DATA SEGMENT:

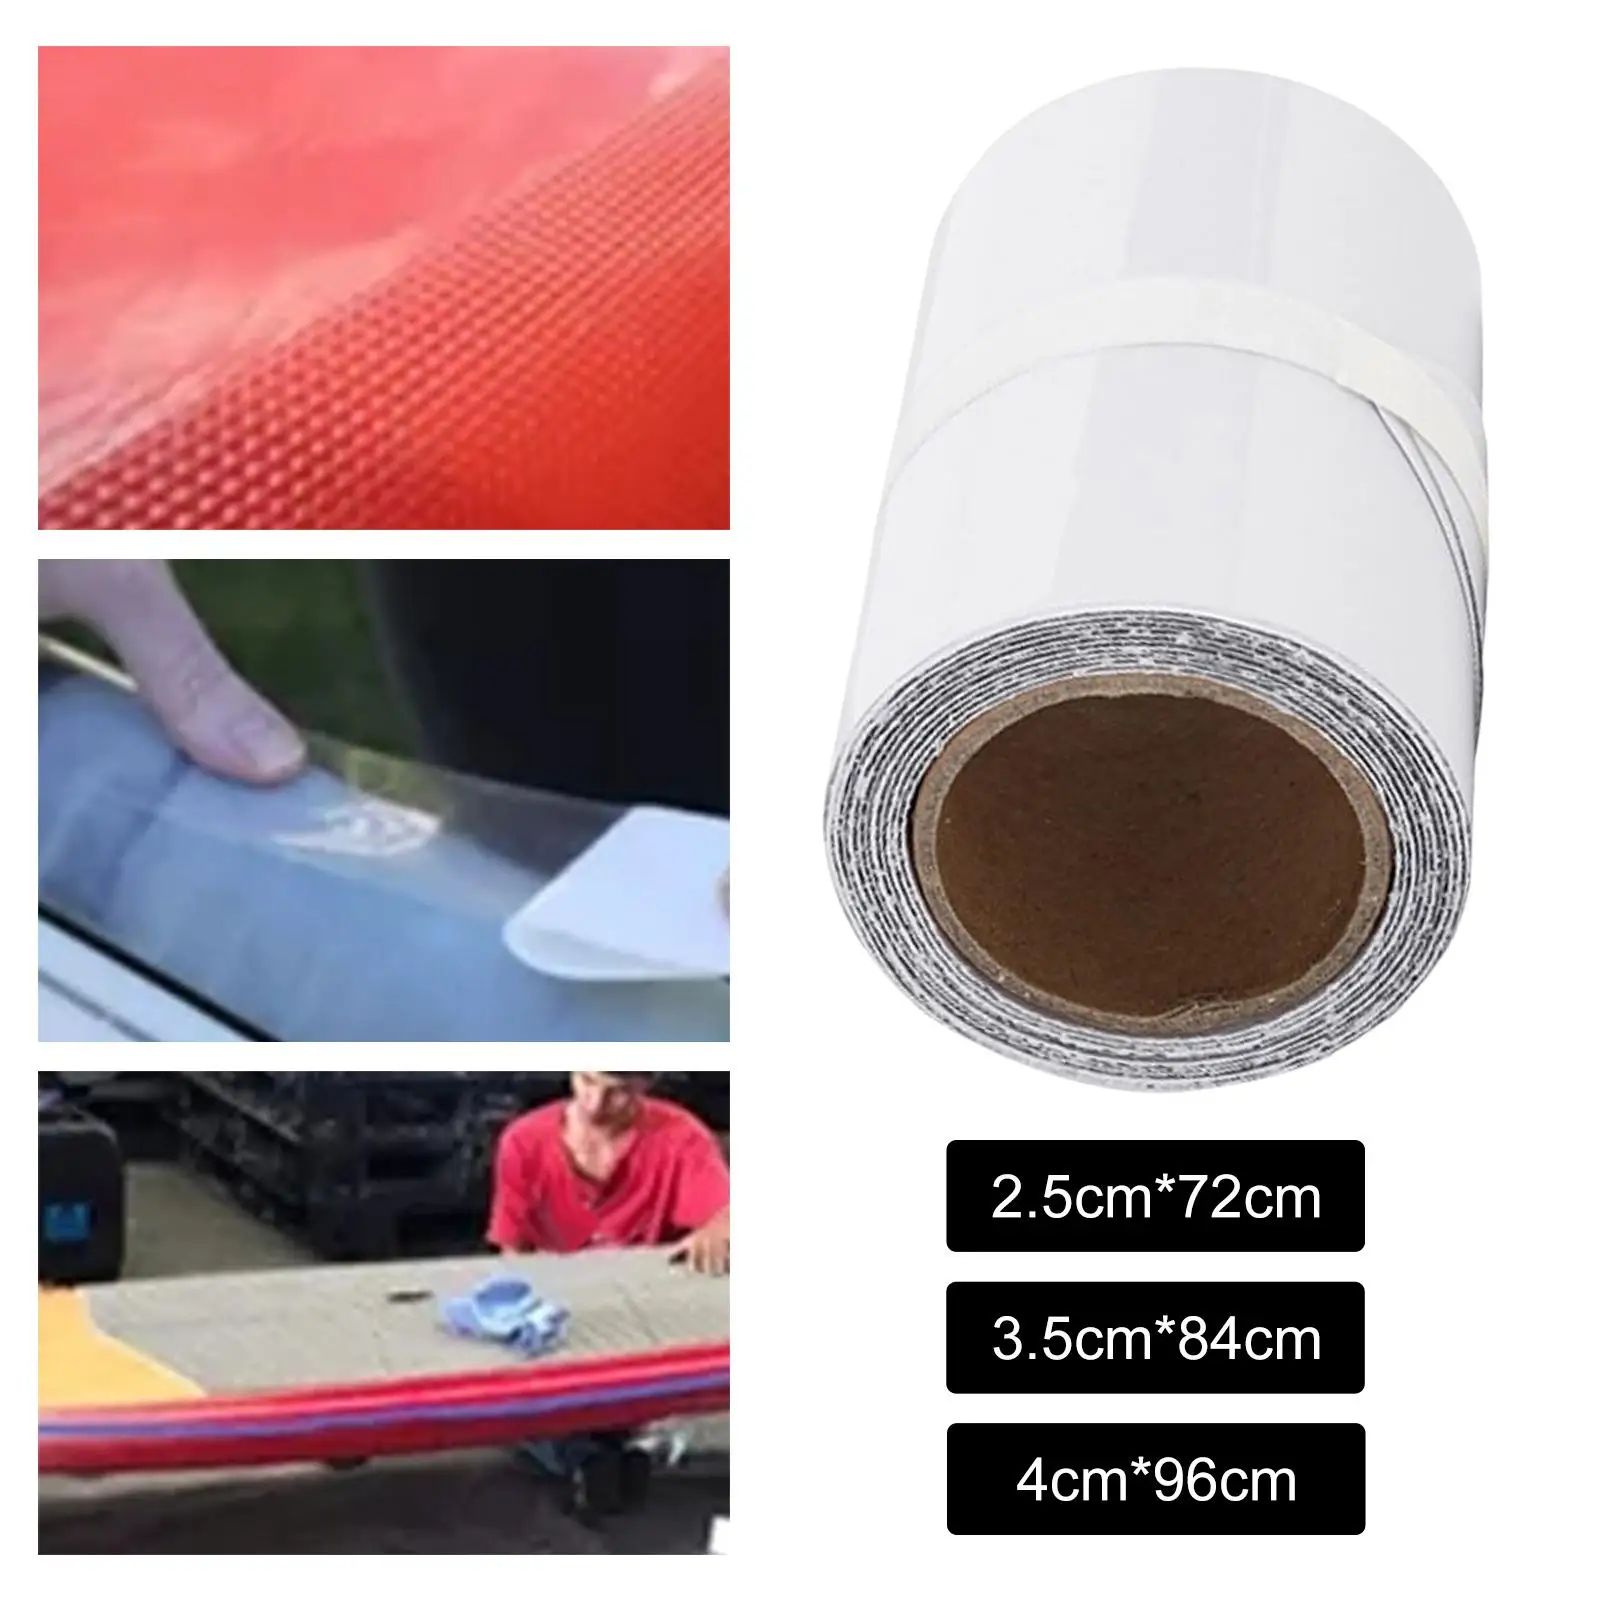 Surfboard Protection Tape Surfboard Rail Protective Film Fit for Vacation Outdoor
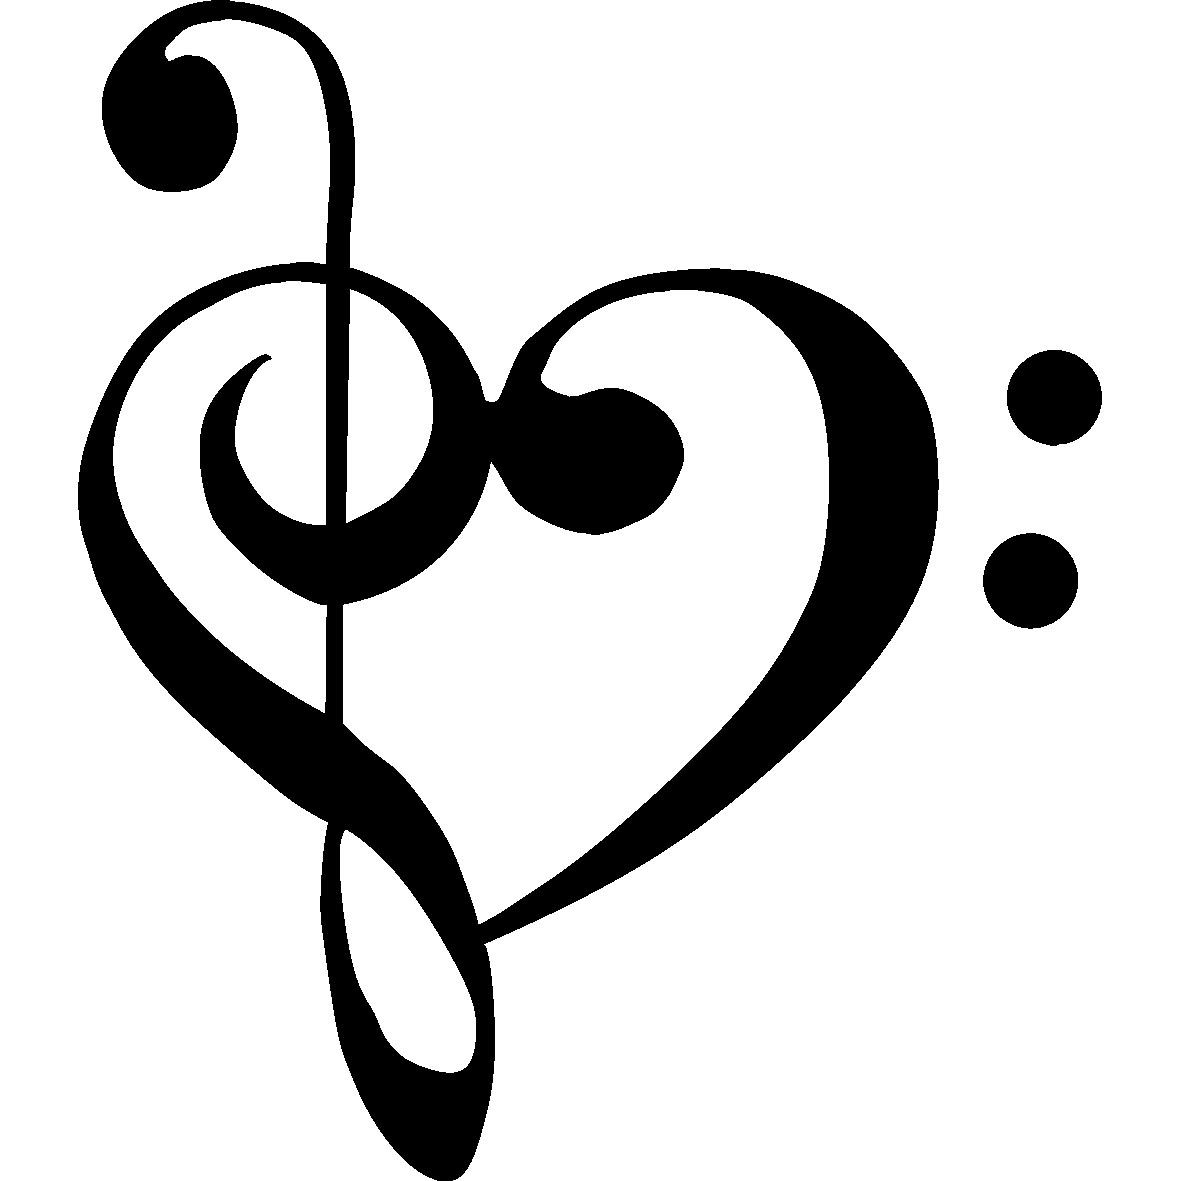 Treble Clef and Base Clef Heart❤❤❤❤
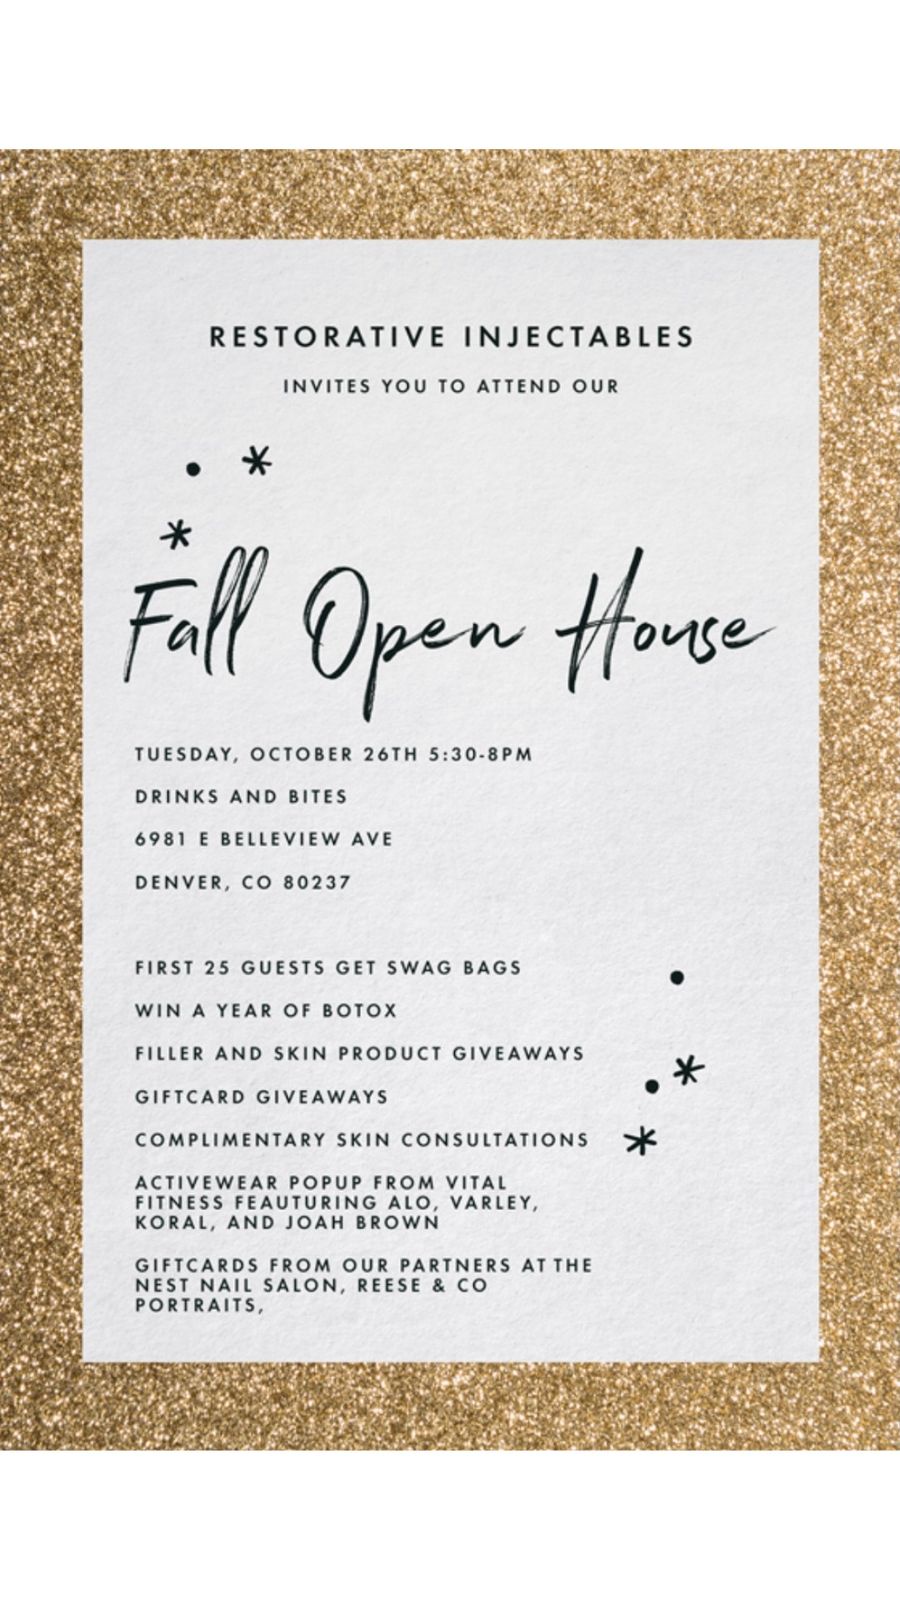 Fall Open House - Restorative Injectables

TASK ITEM:
Take the line containing "Treble Clef and Base Clef Heart❤❤❤❤" through the last line of the material and retype exactly those lines, both ends included, with no pictures.

WRITTEN ANSWER:
 Treble Clef and Base Clef Heart❤❤❤❤
 Fall Open House - Restorative Injectables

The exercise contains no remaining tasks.